Comparative Analyses

  1. Replicability: The sign-flip in causal importance of Agent-selective neurons, and general trends in distributed representation, replicate in publicly available GPT-2 and Pythia models at comparable and larger scales, supporting the generality of these findings beyond custom-trained models.
  2. Emergence During Pre-training: Layer-wise probing of intermediate pre-training checkpoints shows that a significant fraction of semantic role information arises early and persists throughout training.

Theoretical and Practical Implications

Implications for Model Interpretability

Identification of role-selective units in small models demonstrates that neural circuits corresponding to emergent linguistic functionality can be found and causally validated. However, the transition to distributed redundant encodings with increased scale undermines the applicability of single-unit mechanistic attributions for large models—interpretability strategies must thus move towards subspace- or circuit-level analyses.

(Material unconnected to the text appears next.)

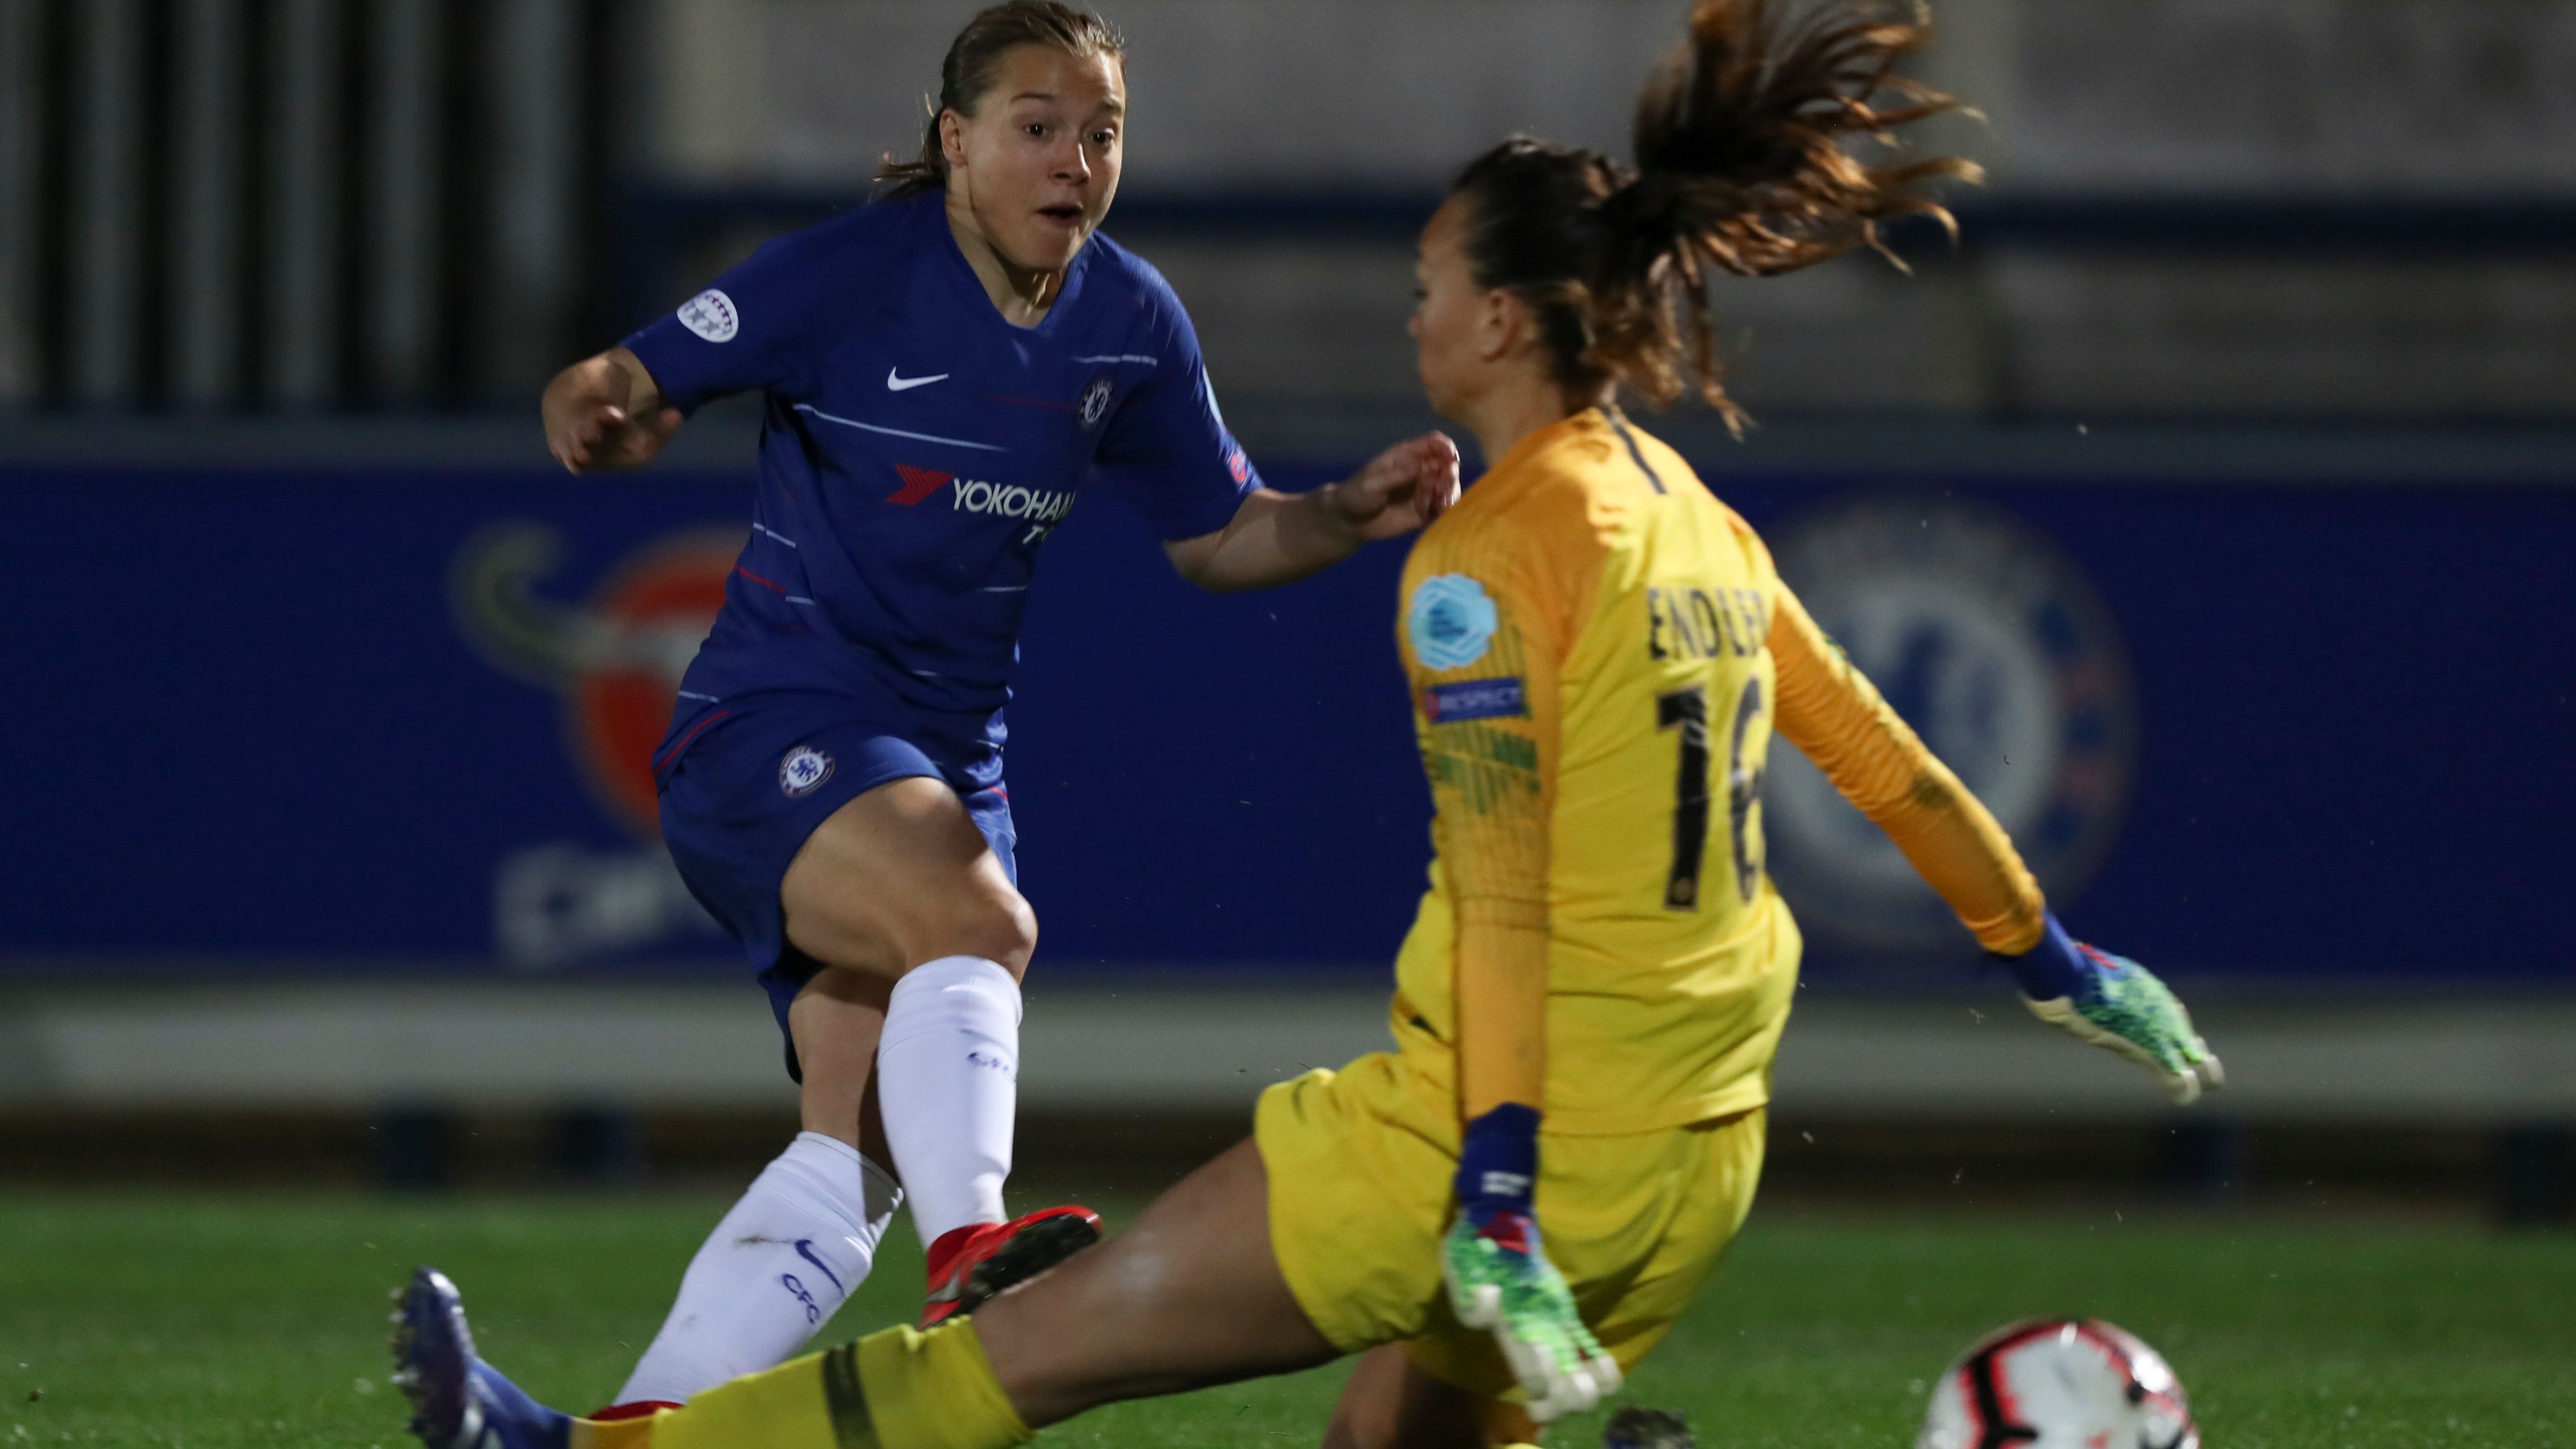 Image result for chelsea 2-0 psg women's champions league 2019 getty

Implications for Scalability

The distinct finding that fine-tuning increasingly outperforms emergence from pre-training at larger scales points to a fundamental shift in the locus of semantic knowledge in LLMs. Pre-training confers a meaningful but ultimately bounded foundation for semantic role reasoning; hierarchy and sparsity in neural codes, as well as potential interference effects, emerge with increased width and depth.

Meta-Emergence and Evaluation Protocols

The use of more continuous (F1) metrics and careful separation of decodability from emergence addresses open critiques about the artifact-driven nature of observed LLM "emergent" behaviors. These results argue for nuanced evaluation protocols when probing the latent linguistic capacities of LMs.

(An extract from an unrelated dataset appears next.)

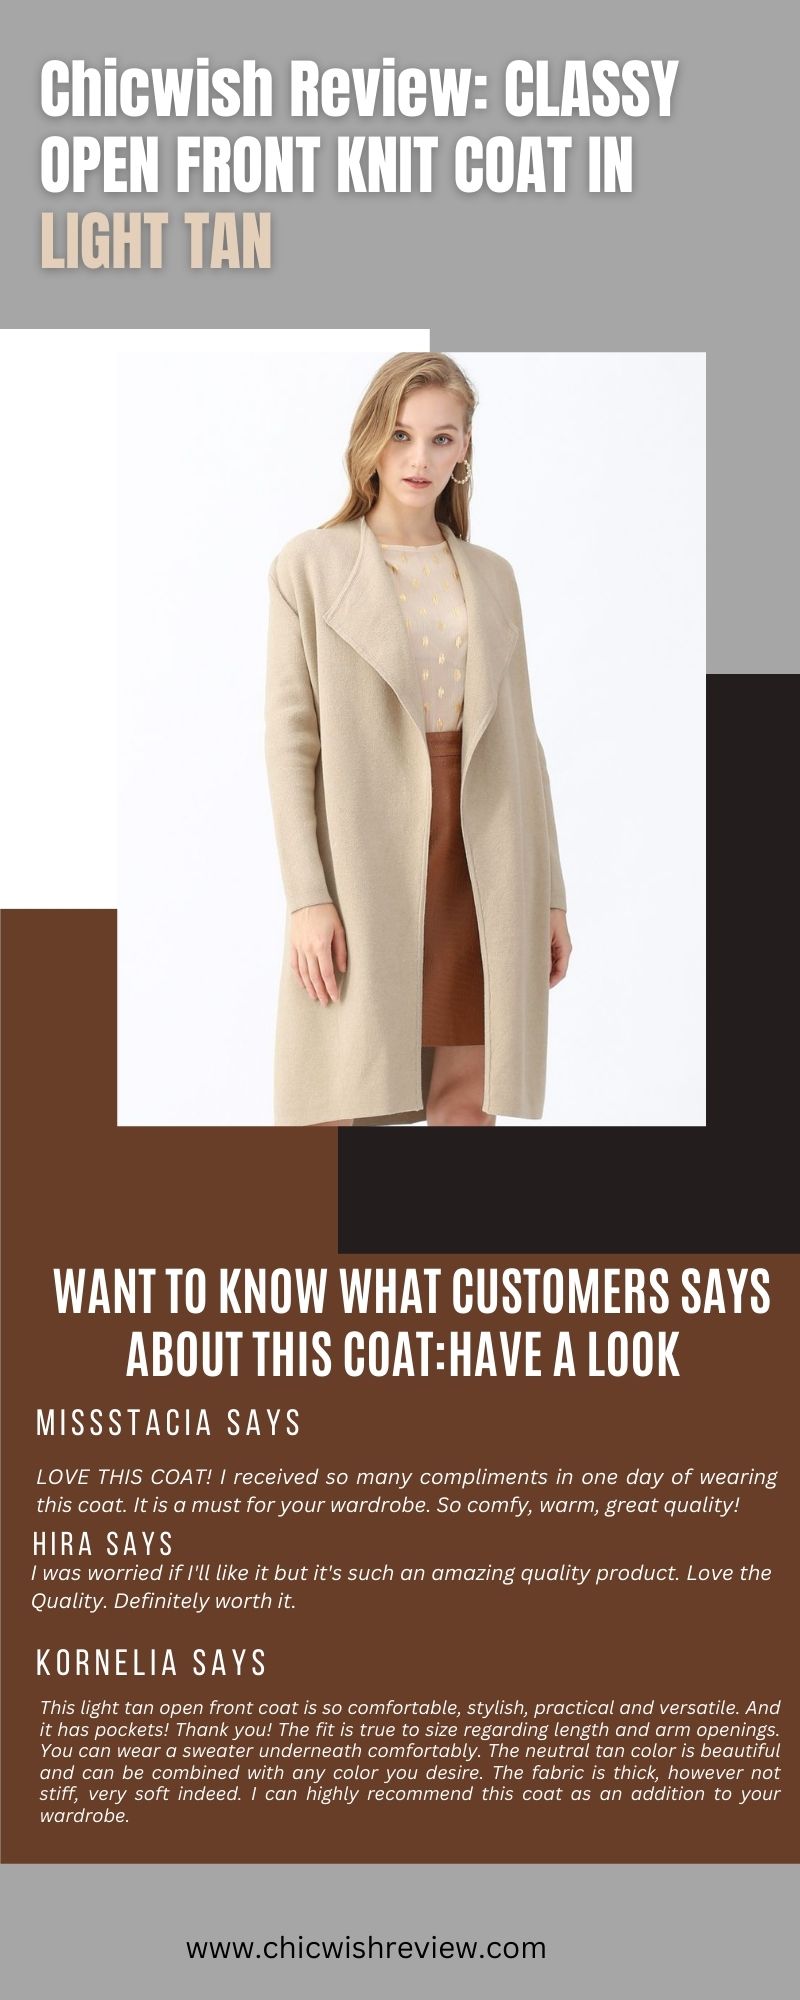 CLASSY OPEN FRONT KNIT COAT IN LIGHT TAN: Chicwish Review

Speculation on Future Directions

  • Scalable Interpretability: As models scale, monosemantic neuron discovery becomes less tractable, indicating the need for higher-order interpretability tools (e.g., subspace clustering, circuit-level interventions, or dictionary learning).
  • Task Generality vs. Specialization: The scale-induced reorganization in neural locus of semantics may underlie both generalization phenomena (capabilities unlocked by fine-tuning) and robustness failures (interference due to overlapping encodings).
  • Supervision-Efficient Adaptation: The robust emergence of significant semantic role information from pre-training alone supports the continual scaling of unsupervised objectives, but also signals the enduring value of minimal supervision, particularly in extracting highly structured knowledge.

Conclusion

This paper presents the strongest evidence to date that core aspects of semantic role understanding are an emergent property of autoregressive language modeling pre-training, detectable via linear probe even at low-to-mid parameter scales. However, it also demonstrates that full semantic role understanding—and the decodability of that information—depends increasingly on model-specific fine-tuning as scale grows, with distributed and sometimes interfering representations supplanting the monosemantic neuron-level coding seen in smaller models. These results redefine the boundaries between mechanistic interpretability and distributed representation in LLMs, and offer precise tools and metrics for dissecting where and how linguistic abstraction arises. The findings are directly relevant both for the development of more interpretable architectures and for understanding which aspects of meaning representation are directly available from the pre-trained weights of modern LLMs.